## WHAT YOU ARE ASKED TO DO
Your response to the data below should hold nothing except the lines from the one containing "Cover Disney Planet 4 - Kingdom Hearts 4" down to the one containing "bonjourmolotov", reproduced exactly and without pictures.

## TASK MATERIAL
-=-=-
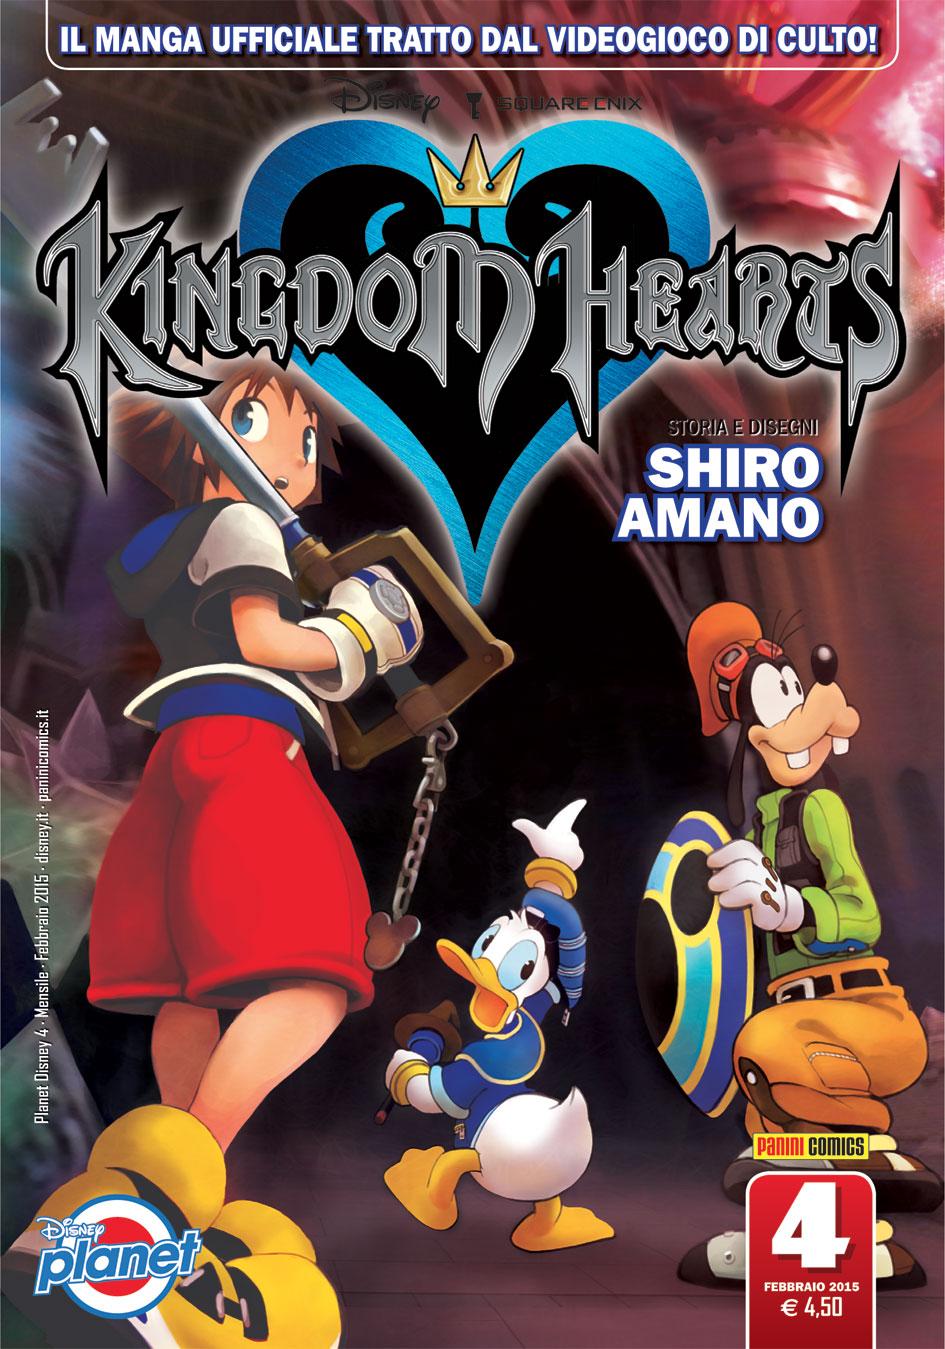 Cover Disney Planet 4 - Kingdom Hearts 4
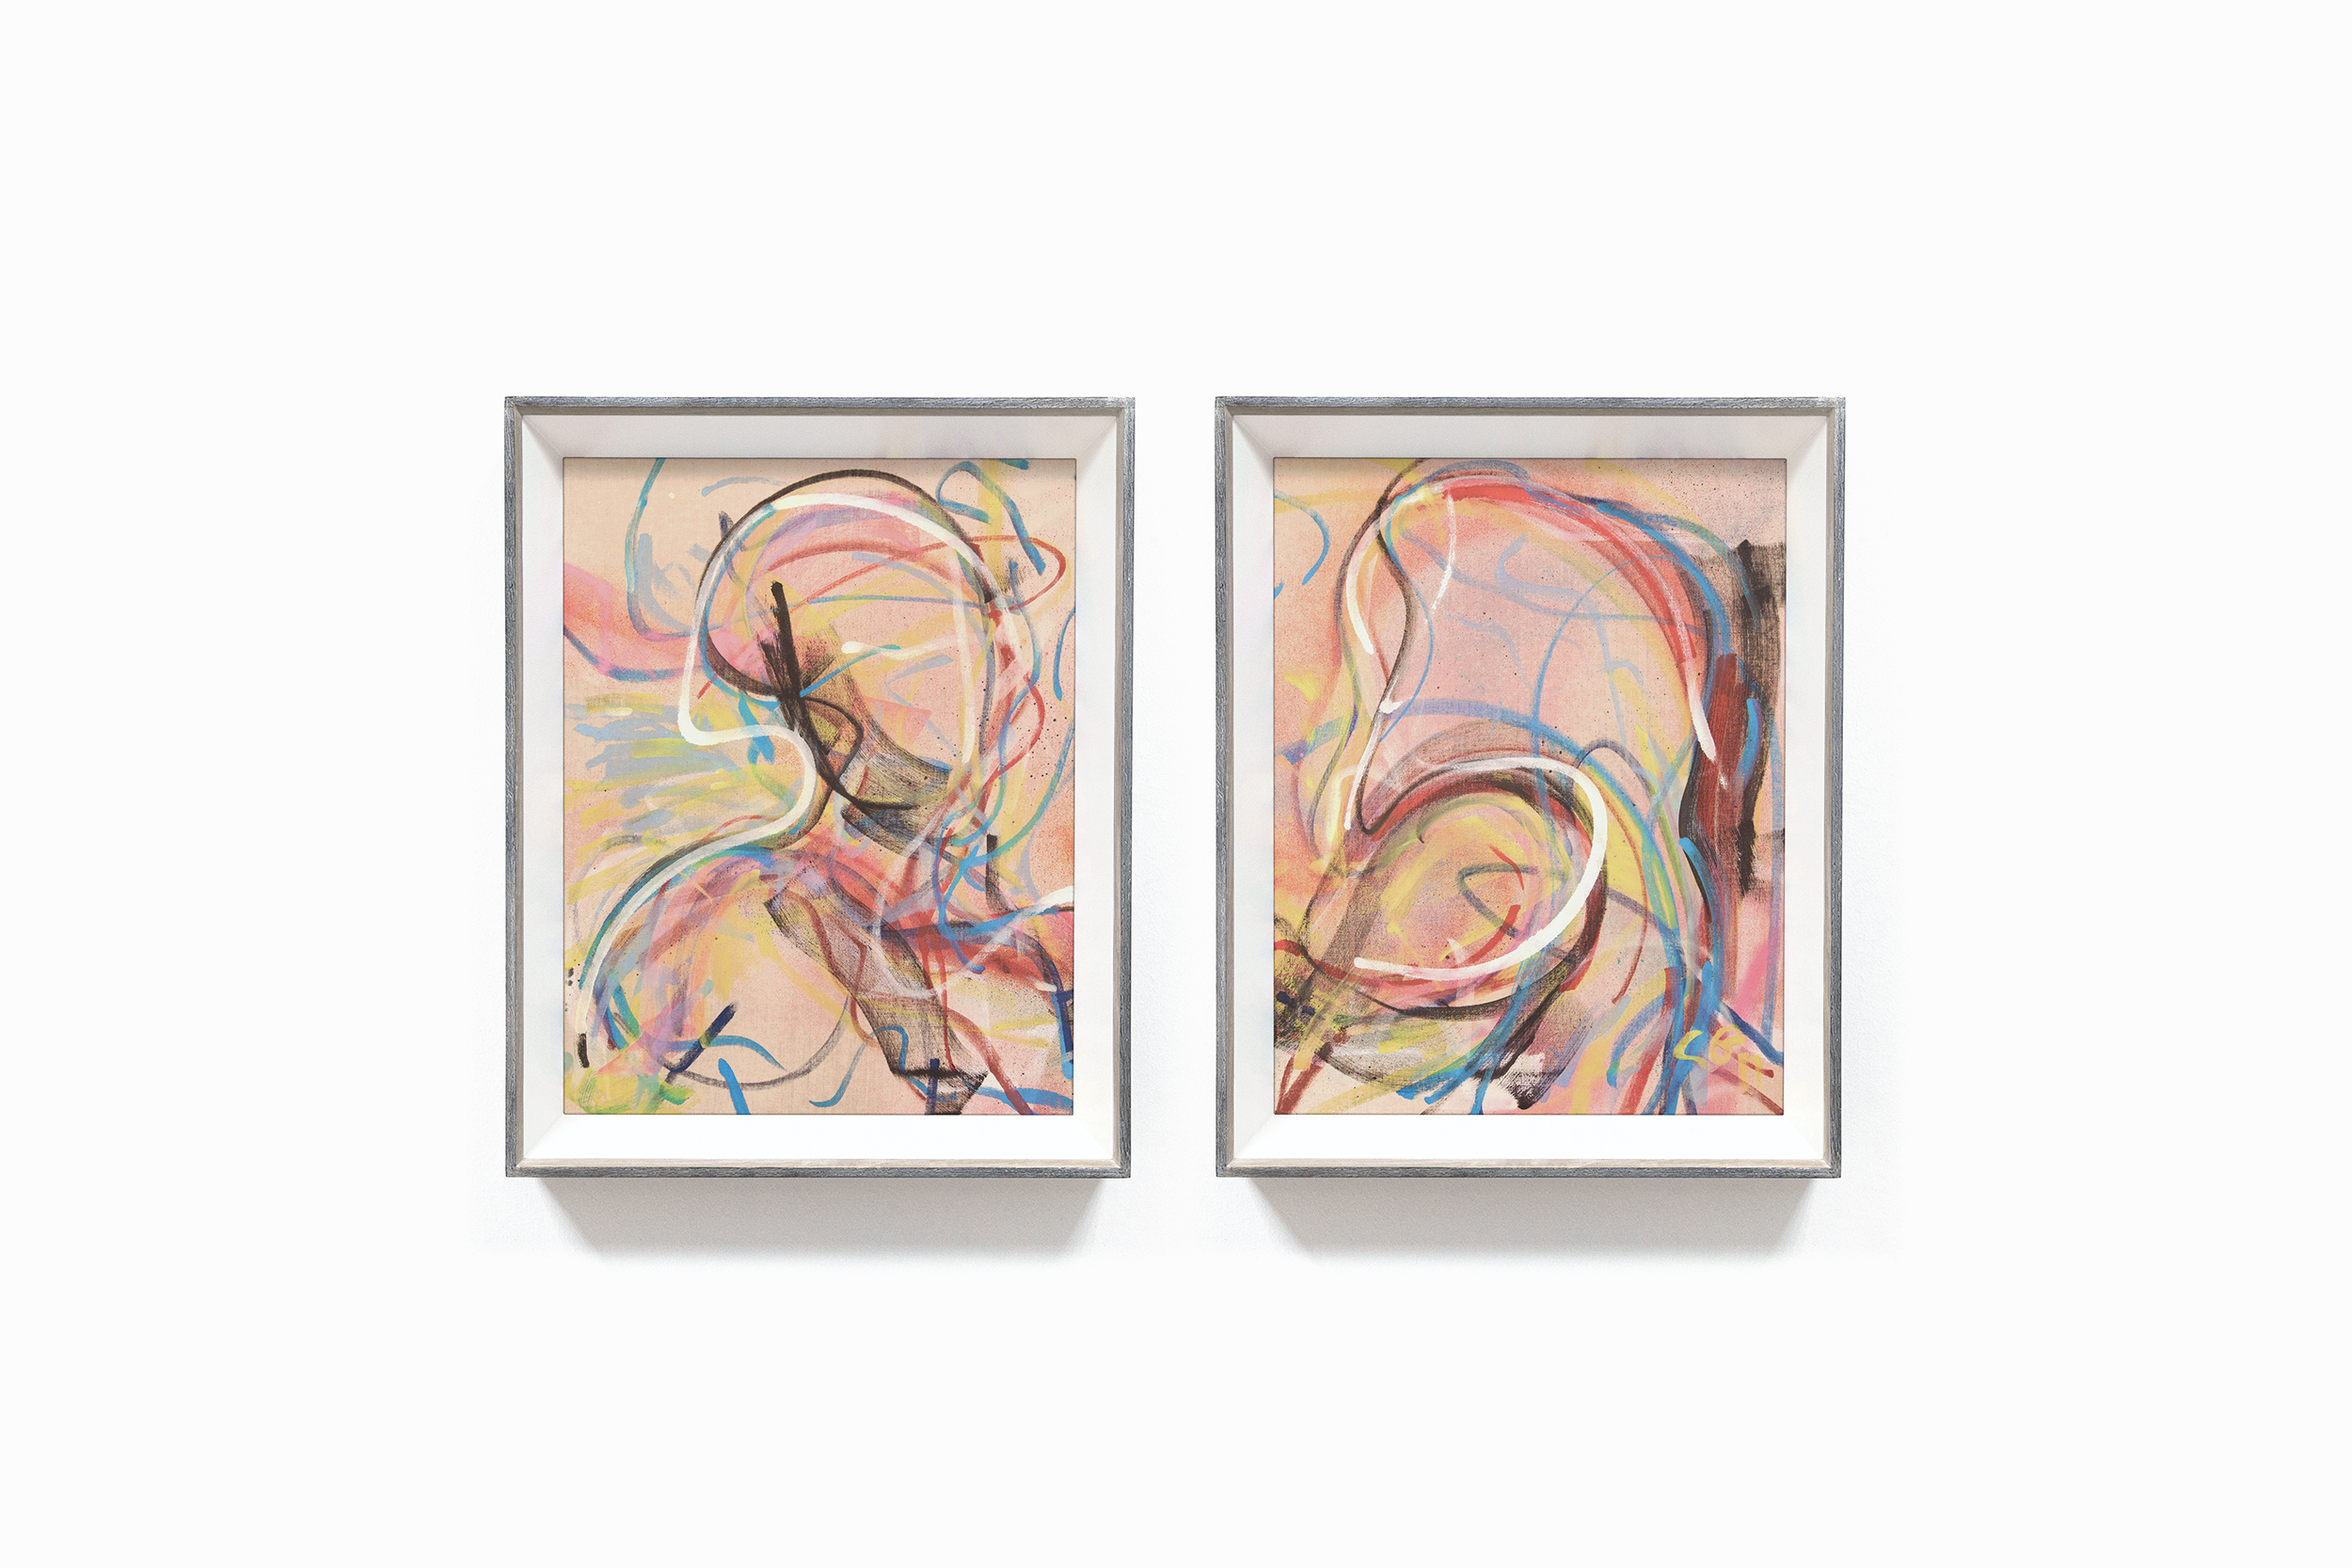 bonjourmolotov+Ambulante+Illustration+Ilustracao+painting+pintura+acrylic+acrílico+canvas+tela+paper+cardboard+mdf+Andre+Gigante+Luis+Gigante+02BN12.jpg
-=-=-
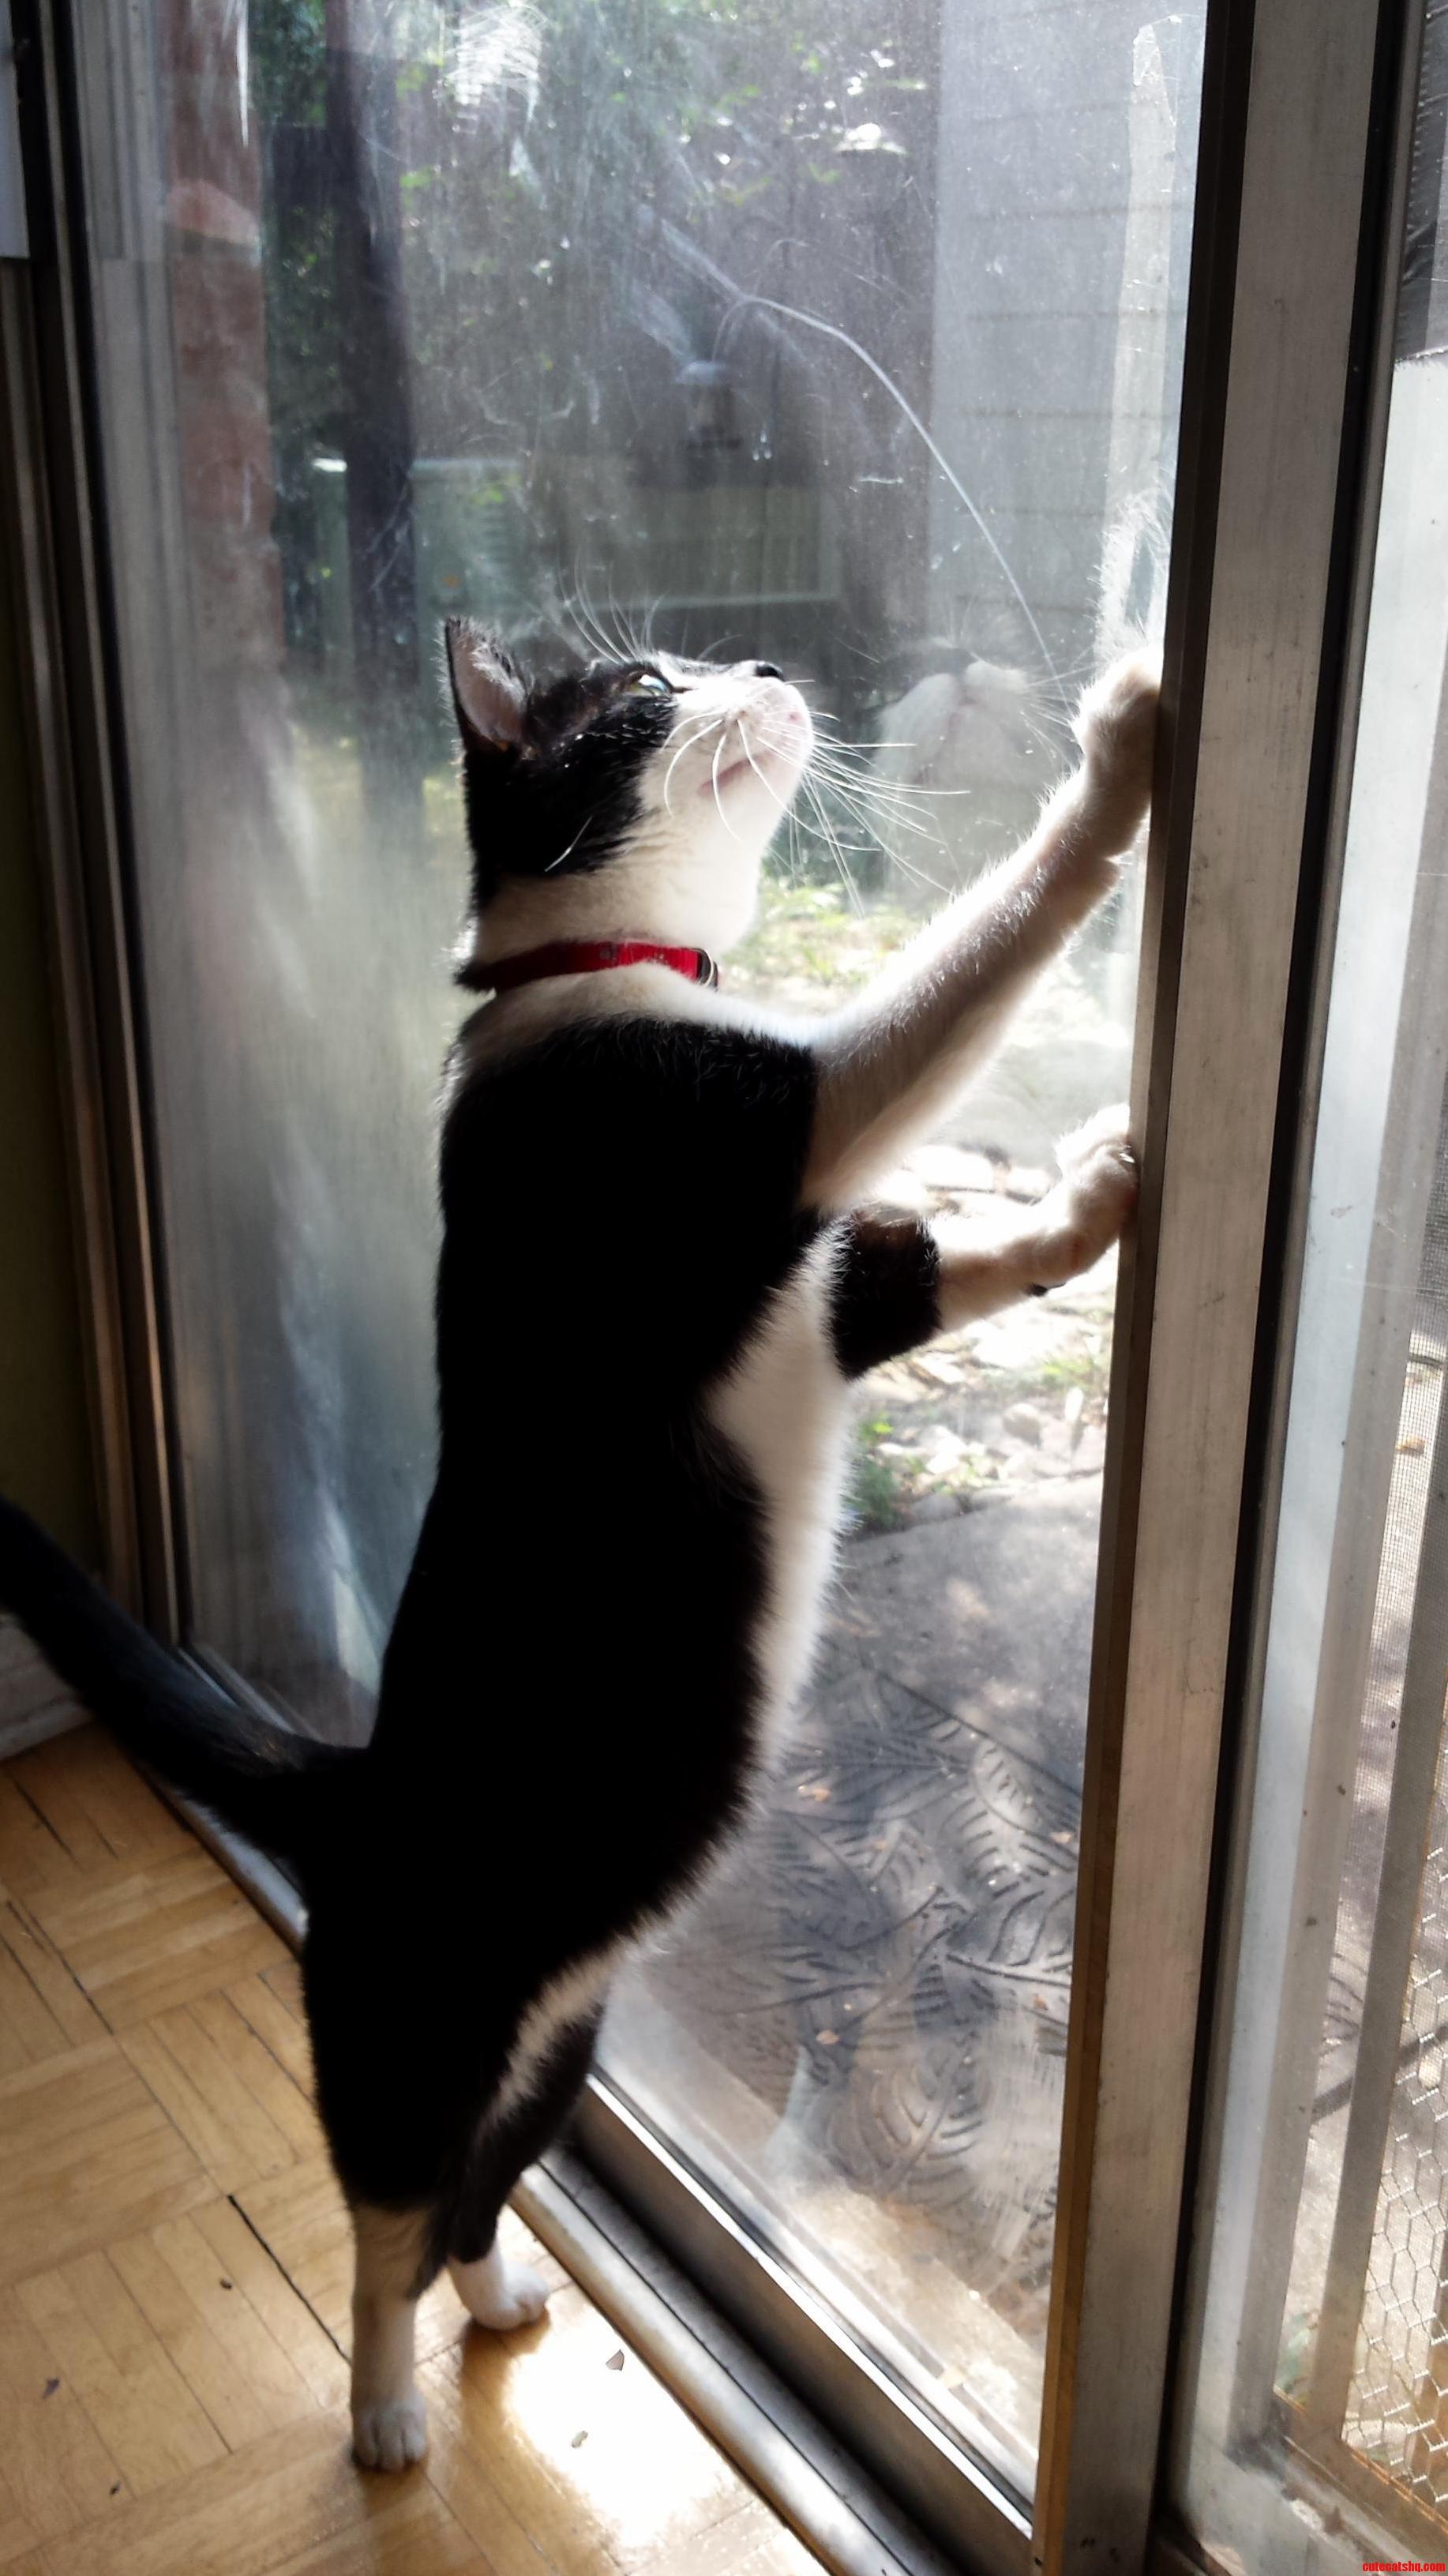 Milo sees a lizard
-=-=-
## YOUR SOLUTION
 Cover Disney Planet 4 - Kingdom Hearts 4
 bonjourmolotov+Ambulante+Illustration+Ilustracao+painting+pintura+acrylic+acrílico+canvas+tela+paper+cardboard+mdf+Andre+Gigante+Luis+Gigante+02BN12.jpg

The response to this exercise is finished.